How-To: Use SQL databases with db-ally#
db-ally is a Python library that allows you to use natural language to query various data sources, including SQL databases. This guide will show you how to set up a structured view to query a SQL database using SQLAlchemy. The guide will work with any database that SQLAlchemy supports, including SQLite, PostgreSQL, MySQL, Oracle, MS-SQL, Firebird, Sybase, and others.
Views#
The majority of the db-ally's codebase is independent of any particular kind of data source. The part that is specific to a data source is the view. A view is a class that defines how to interact with a data source. It contains methods that define how to retrieve data from the data source and how to filter the data in response to natural language queries.
There are several methods for creating a view that connects to a SQL database, including creating a custom view from scratch. However, in most cases the easiest will be to use the SqlAlchemyBaseView
class provided by db-ally. This tutorial is designed to work with SQLAlchemy, a popular SQL toolkit and Object-Relational Mapping (ORM) library for Python. To define your view, you will need to produce a class that inherits from SqlAlchemyBaseView
and implement the get_select
method, which returns a SQLAlchemy Select
object:
from dbally import SqlAlchemyBaseView
class CandidateView(SqlAlchemyBaseView):
"""
A view for retrieving candidates from the database.
"""
def get_select(self) -> sqlalchemy.Select:
"""
Create the initial SQLAlchemy select object, defining which columns to select.
"""
return sqlalchemy.select(Candidate)
The returned Select
object is used to build the query that will be sent to the database. In this example, the get_select
method returns a Select
object that selects all columns from the candidates
table. You can customize the Select
object to select specific columns, join multiple tables, and so on.
For example, to only select the name
and country
columns, you might return a Select
object defined as sqlalchemy.select(Candidate.name, Candidate.country)
.
Note
Candidate
is a SQLAlchemy model that represents the candidates
table in the database. You need to define this model using SQLAlchemy's ORM. For instance, you might define it like this:
from sqlalchemy import Column, Integer, String
class Candidate(Base):
__tablename__ = 'candidates'
id = Column(Integer, primary_key=True)
name = Column(String)
country = Column(String)
years_of_experience = Column(Integer)
Alternatively, you can use SQLAlchemy's automap feature to automatically generate the model from the database schema. See the Quickstart for an example of how this is done.
Filters#
In addition to the get_select
method, you can define filter methods in your view. A filter method is a method that takes some parameters and returns a SQLAlchemy ColumnElement
object. This object represents a condition that can be used to filter the data in the database. See the SQLAlchemy documentation on where
clauses for more details - any condition that can be used in a where
clause can be returned from a filter method.

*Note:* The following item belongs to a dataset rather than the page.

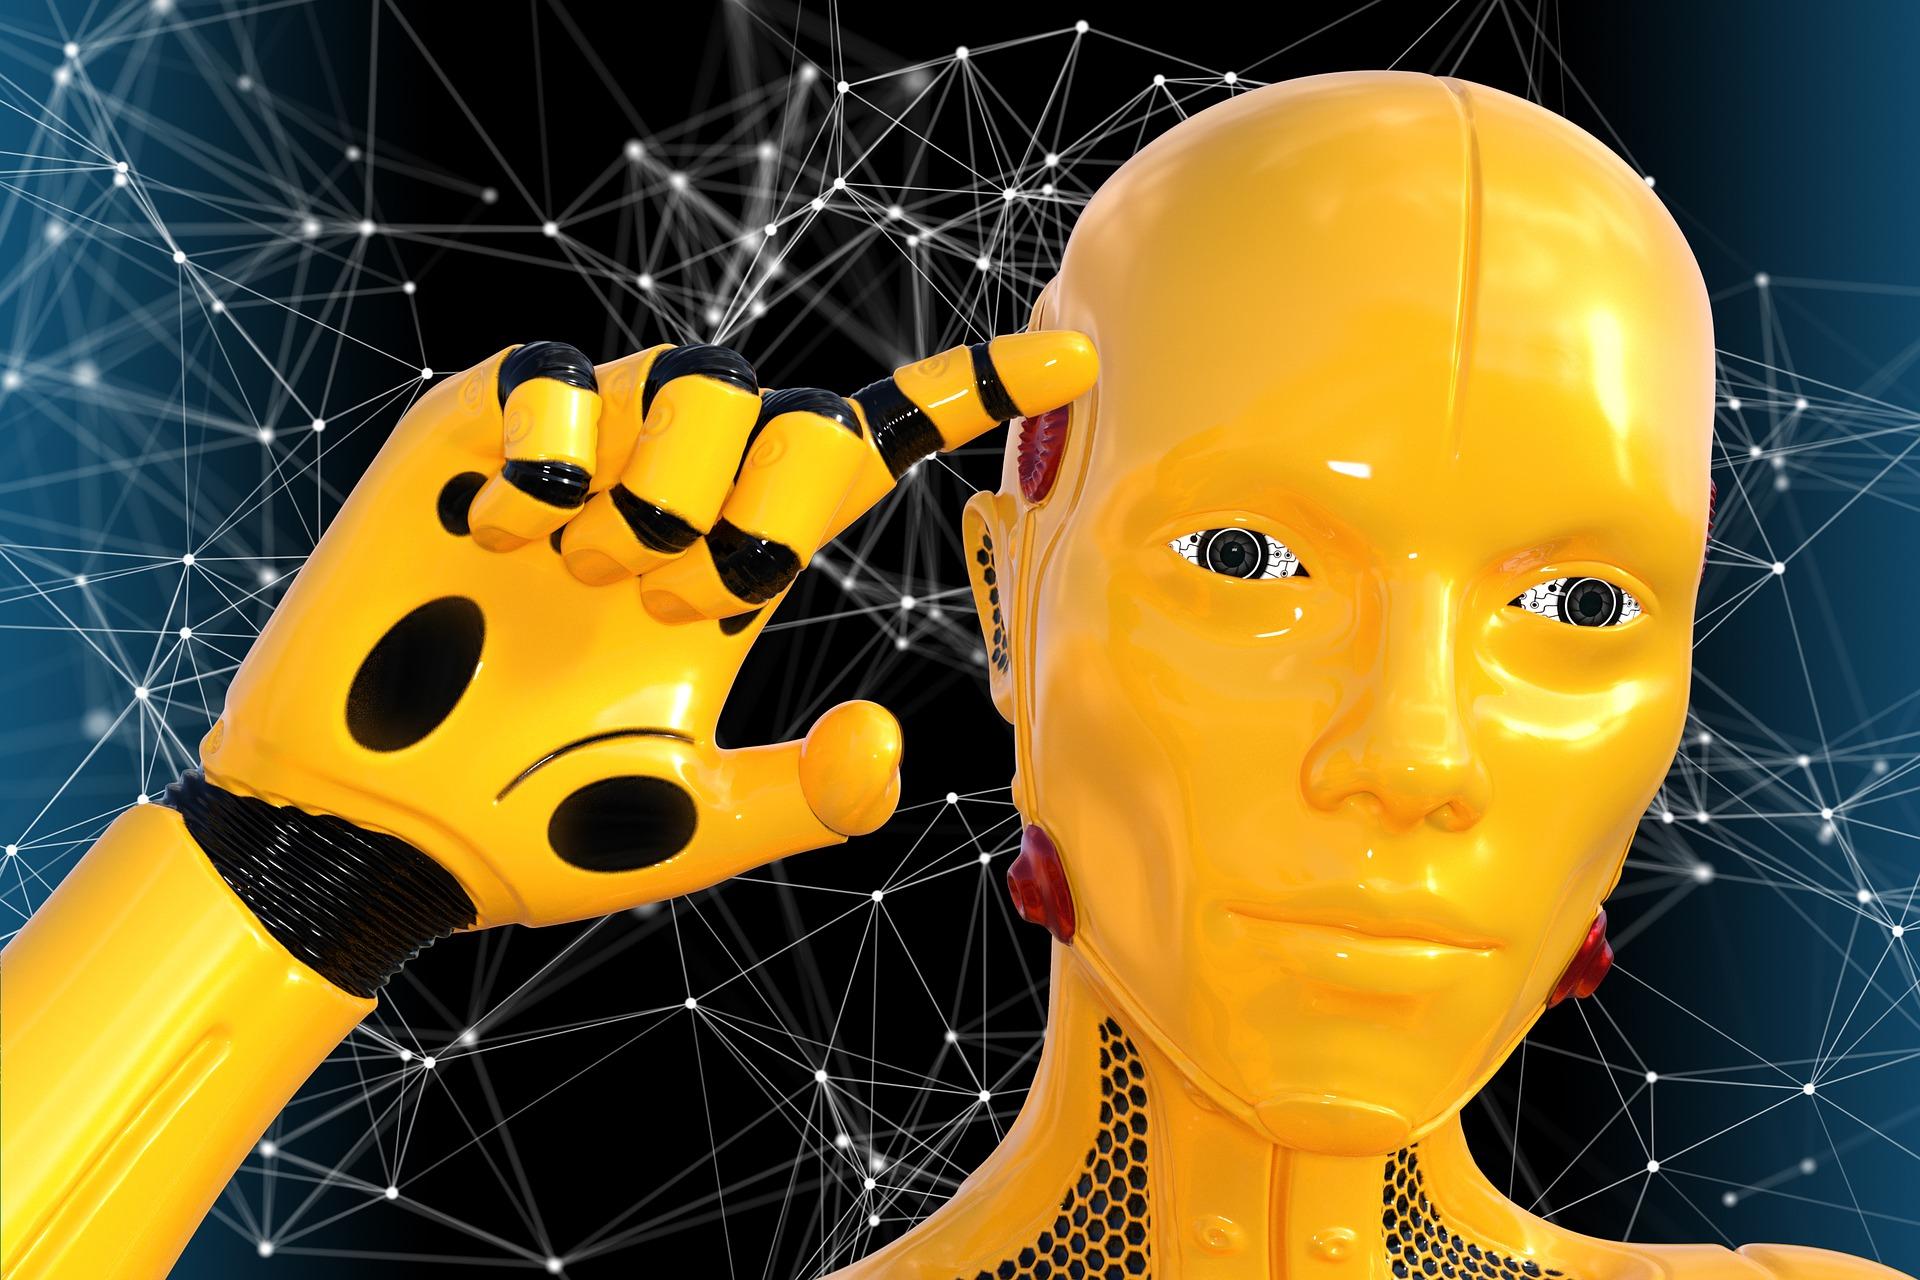 robot-3490522_1920

For example, you might define a filter method to filter candidates by country:
from dbally import decorators
class CandidateView(SqlAlchemyBaseView):
# ... (get_select method as before)
@decorators.view_filter()
def from_country(self, country: str) -> sqlalchemy.ColumnElement:
"""
Filter candidates from a specific country.
"""
return Candidate.country == country
@decorators.view_filter()
def with_experience(self, years: int) -> sqlalchemy.ColumnElement:
"""
Filter candidates with at least `years` of experience.
"""
return Candidate.years_of_experience >= years
In this example, the from_country
filter takes a country
parameter and returns a condition that filters candidates by country. The with_experience
filter takes a years
parameter and returns a condition that filters candidates by the required years of experience. You can define as many filter methods as you need to support the queries you want to handle. The LLM will decide which filters to use and provide arguments to the filters as needed. They will be used to control which table rows to fetch.
Connecting to the database#
You need to connect to the database using SQLAlchemy before you can use your view. To work, views that inherit from SqlAlchemyBaseView
require a SQLAlchemy engine to be passed to them. See the SQLAlchemy documentation on engines for information on how to create an engine for your database. Here is an example of how you might create an engine for a SQLite database:
from sqlalchemy import create_engine
engine = create_engine('sqlite:///examples/recruiting/data/candidates.db')
Registering the view#
Once you have defined your view and created an engine, you can register the view with db-ally. You do this by creating a collection and adding the view to it:
from dbally.llms.litellm import LiteLLM
my_collection = dbally.create_collection("collection_name", llm=LiteLLM())
my_collection.add(CandidateView, lambda: CandidateView(engine))
Using the view#
To ask a natural language query using your view, you call the ask
method on the collection:
response = await my_collection.ask("Find me candidates from Italy with at least 5 years of experience")
print(response.results)
In cases where you have multiple views in a collection, db-ally will use LLM to determine the most suitable view to address the query, and then that view will be used to pull the relevant data.